For seven months, the city couldn’t actually read Green’s usage. That meant he also wasn’t being billed for it. When the device was fixed, though, all seven months came due at once. The bill covered 344,000 gallons of water, a staggering amount for Green’s household. As he put it: “We don’t have a pool, we don’t have a jacuzzi.” The home does have a single bathtub that the couple rarely uses, and that’s about it.

Green’s first reaction was disbelief that the number could be real. But there was a very concrete reason he had been hit with that kind of number. There was an underground leak in front of his house, invisible from the surface, that had been pushing water through his meter for months. Because the transmitter was dead, no monthly bill ever flagged the spike, so the leak ran on unnoticed.

Once the meter was reporting again, the city retroactively billed Green for every gallon used. He accepts that the water went through his meter, but he doesn’t agree with the fairness of the bill’s delay. The broken city equipment, he argues, kept him from catching the leak far sooner, and the city took no responsibility and made no adjustment for it. According to the City of Phoenix’s Water Services Department, transmitter failures like this are rare, under 1 percent, and tend to happen as the devices near the end of their life. In other words, they didn’t exactly agree with Green’s frustrated assessment of the situation.

How a Bill Like This Can Pile Up

Today’s water meters don’t actually need a person to walk up and read them. A small transmitter on the meter will send the reading to the utility, which uses it to calculate each monthly bill. The system is reliable until the transmitter fails. When it does, the utility stops getting numbers, and without numbers, it can’t put together an accurate bill.

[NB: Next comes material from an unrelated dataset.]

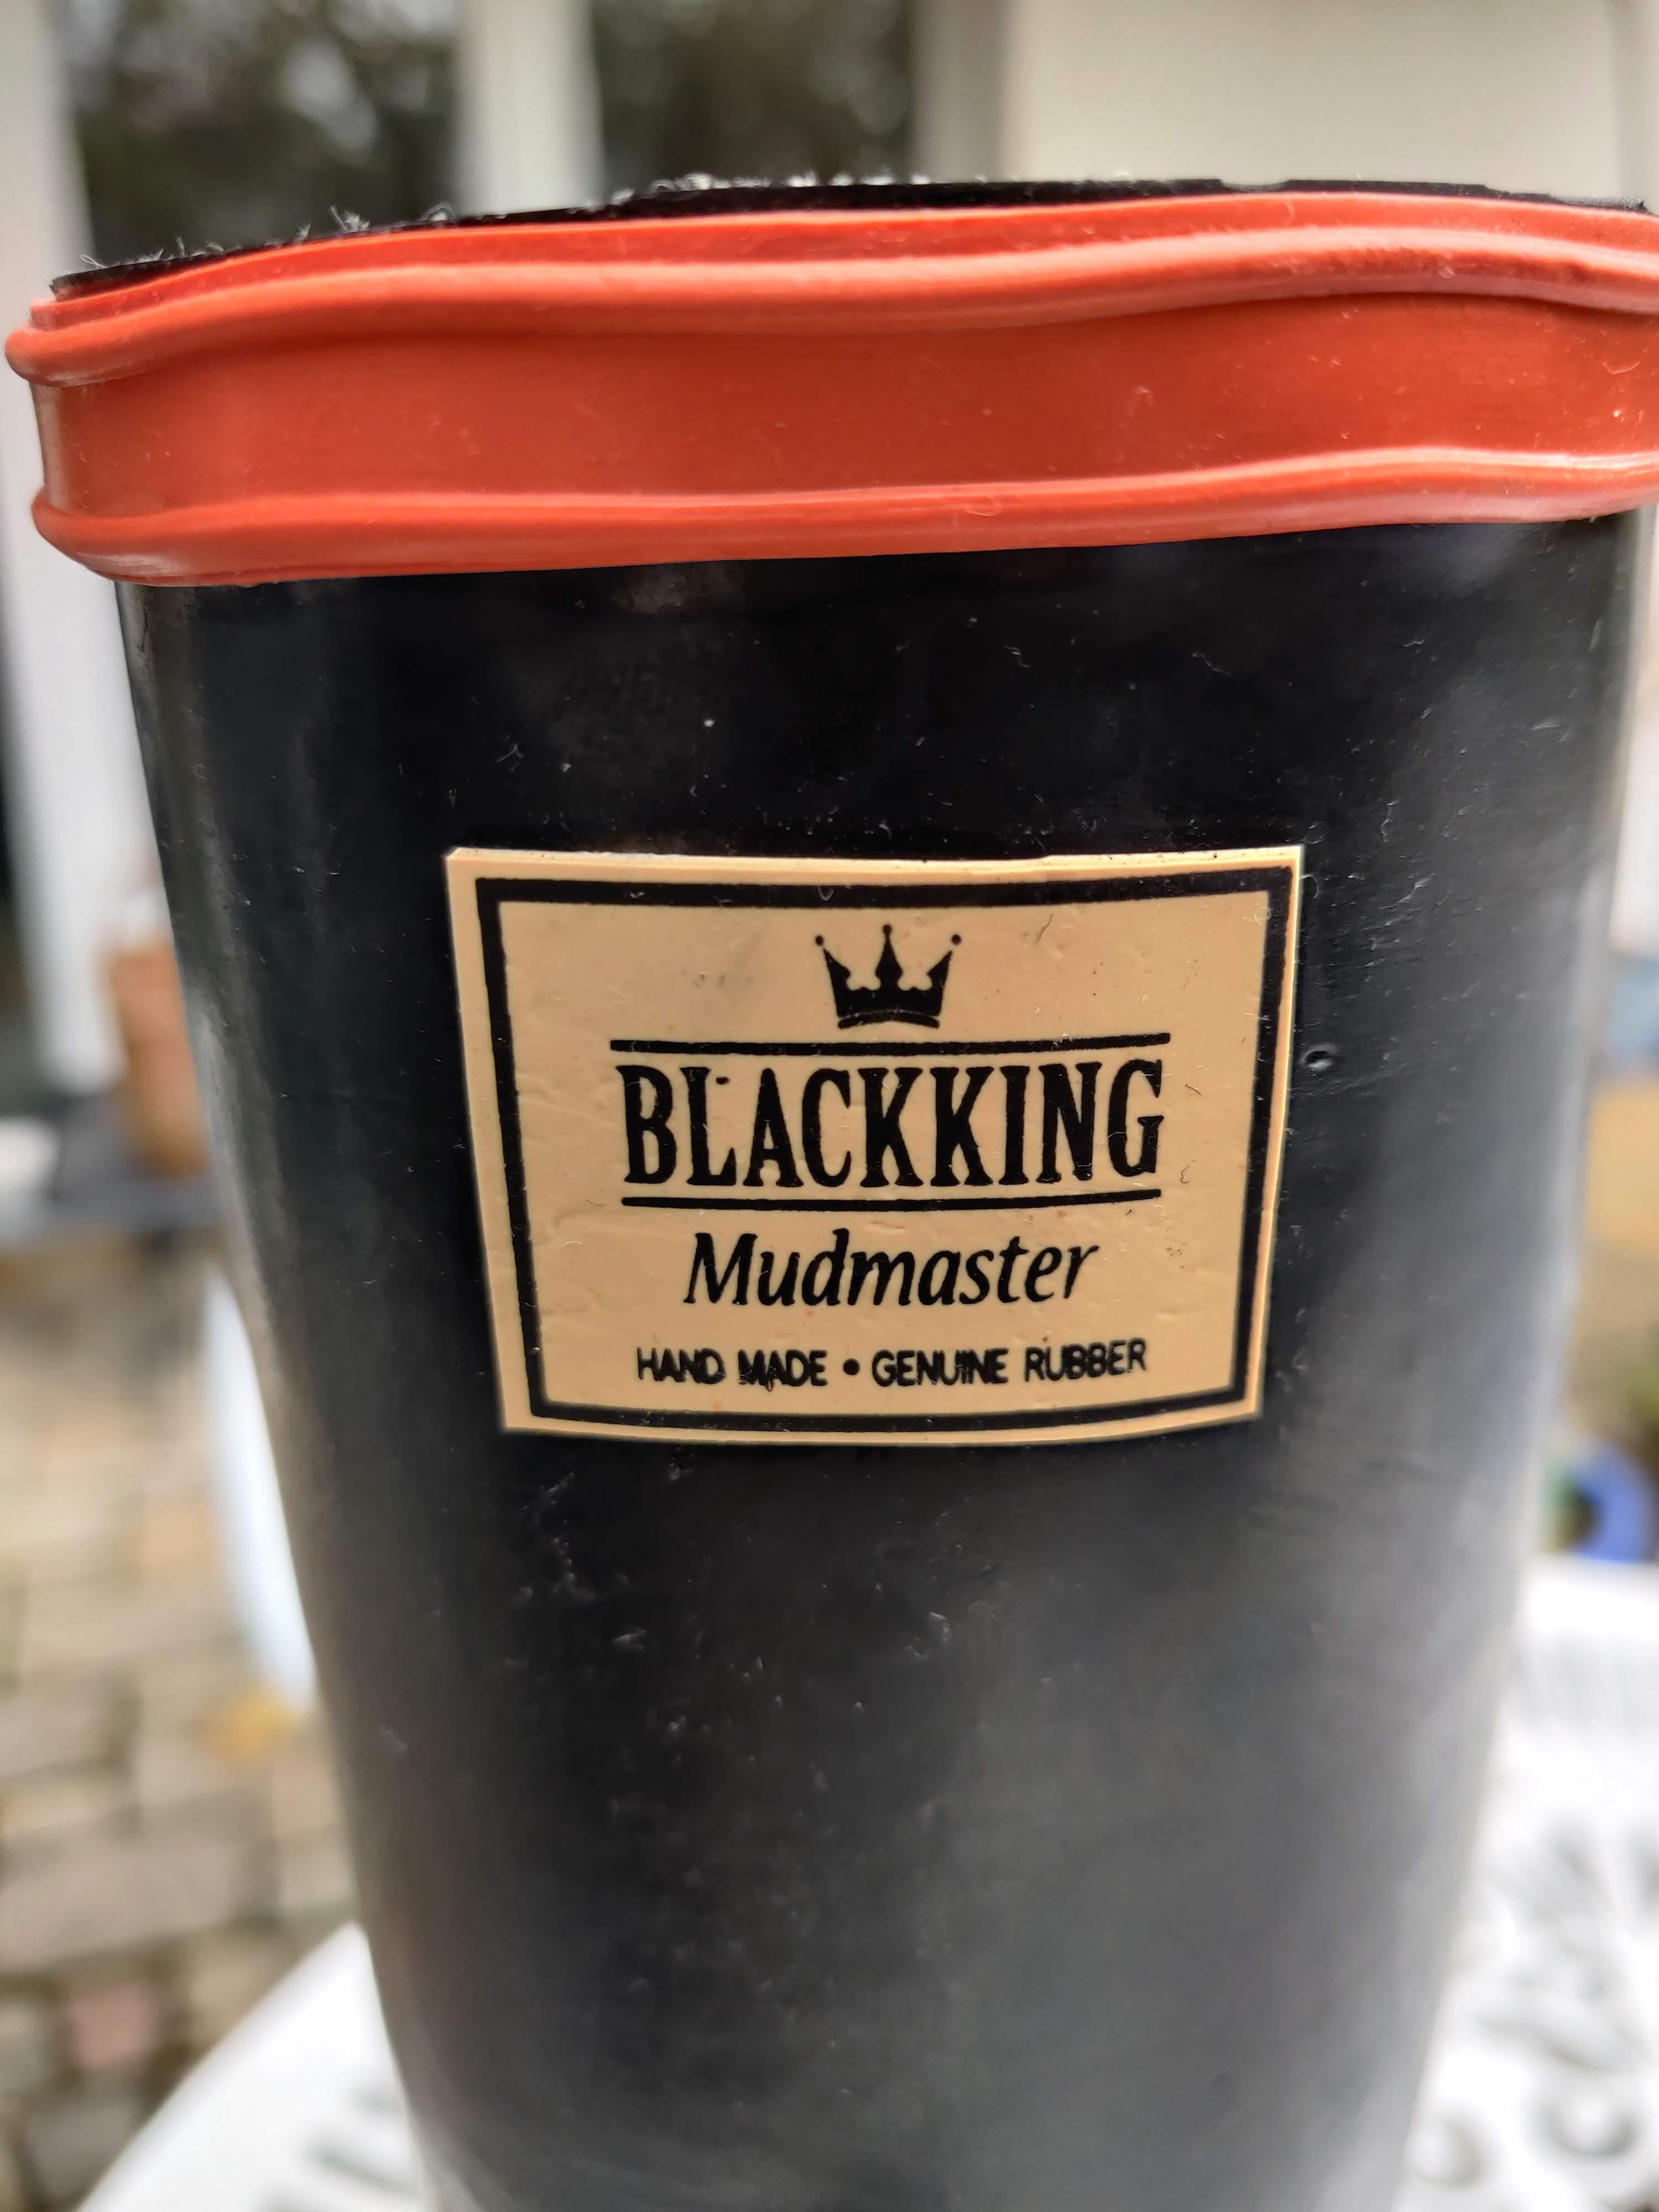 BLACKKING "Mudmaster Standard"

The gap in billing is only half of it. The other half is the leak. An underground line can develop a slow break that never surfaces, with no puddle in the yard, no sound in the walls, while it wastes water day and night. The single best warning sign of a leak like that is a sudden jump in the monthly bill. With no bill coming, Green had no way to prepare or change anything, and those 344,000 gallons slipped away.

It’s important to keep in mind that water that passes through your meter is water you’re generally responsible for, even when a hidden leak is the cause. A dead transmitter reads as zero, which could either mean an empty house or a broken sensor. You won’t necessarily know which one it is until it’s too late.

What to Do If Your Bill Blindsides You

What should you do if this happens to you? The best defense is catching a leak before it becomes a runaway bill. Watch your monthly usage and compare it to the same month a year earlier. Treat any unexplained jump as a reason to look closer. You can also check for a hidden leak yourself in a few minutes. Shut off every faucet, appliance, and irrigation line, then find your water meter. Many meters have a small red triangle or dial that spins when water is moving. If it keeps turning with everything off, water is going somewhere it should not, and it is time to call a plumber.

If a shock bill does arrive, do not just pay it in silence. Call the utility and ask it to walk you through the charge and the meter history. Ask specifically about a leak adjustment. Many water providers will credit part of a bill caused by a documented, repaired leak, though you usually have to request it and show proof of the repair, like a plumber’s invoice. If the balance is large, ask for a payment plan, which is what Green arranged over 36 months. If you get nowhere, escalate in writing and keep records of every call. You may be in for an uphill battle over time with this situation.